Midi de la recherche SIO avec Jeffrey Parsons
Date 19 mai 2023
Heure 12h30 à 14h HAE
Lieu Sur place ou en ligne
Salle Ludger St-Pierre (1307)
Pavillon Palasis-Prince
Événement gratuit
À propos de
l'événement
Le Département de systèmes d’information organisationnels vous invite à une présentation de Jeffrey Parsons, de la Memorial University, qui portera sur son article Training-induced bias in crowdsourced data: Evidence and implications for machine learning.
La présentation se déroulera en anglais.
Une boîte à lunch sera offerte gratuitement aux personnes présentes. L’événement sera également webdiffusé en direct. Inscrivez-vous pour obtenir le lien pour le visionner.
Conférencier

Jeffrey Parsons
Professeur
Memorial University
Résumé
Crowdsourcing is a popular way to collect data outside traditional organizational boundaries. A popular crowdsourcing strategy is training contributors in a specific data collection task, such as entity classification. However, as people learn the characteristics of an entity needed to identify it, selective attention theory suggests they will focus on only those characteristics and ignore other observable characteristics. This behaviour can induce bias in the data. We investigate the effect of training-induced data collection bias on the quality of supervised and unsupervised data classifications in human-machine systems.

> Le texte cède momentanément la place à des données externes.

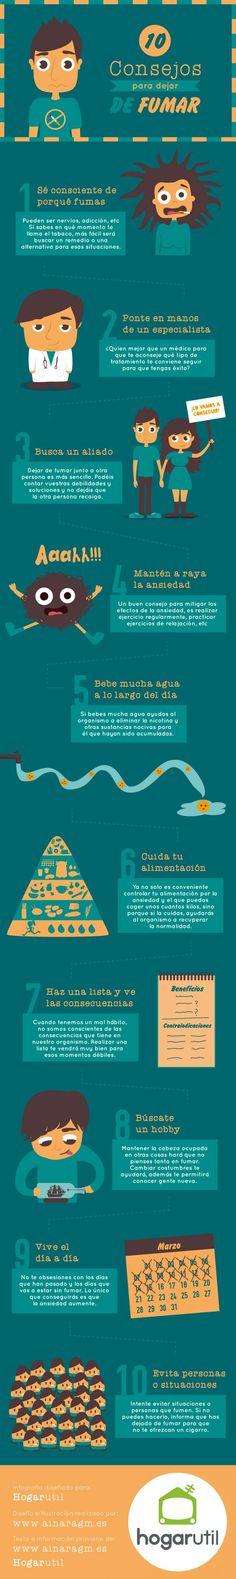 #infografia 10 consejos para dejar de fumar by @ainaragm

A sample of undergraduate students randomly assigned to three experimental groups—explicitly trained, implicitly trained, and untrained—participated in a classification task. Drawing on the theory of selective attention, we hypothesize that untrained contributors will report less biased data than trained contributors and these data, when classified using machine learning, will generate purer clusters than data provided by trained contributors. In addition, we expect that interpretations of clustering results from data provided by untrained contributors will be more congruent with the original observation than interpretations obtained from data provided by trained contributors.
Our results show that the data from explicitly trained contributors is the most biased, leads to the most impure classifications, and is the least interpretable. In contrast, data from the untrained group is the least biased, leads to the purest classifications, and is better aligned with the original observations than data from the untrained group. We discuss implications of our findings for understanding the impact of bias in human-machine systems.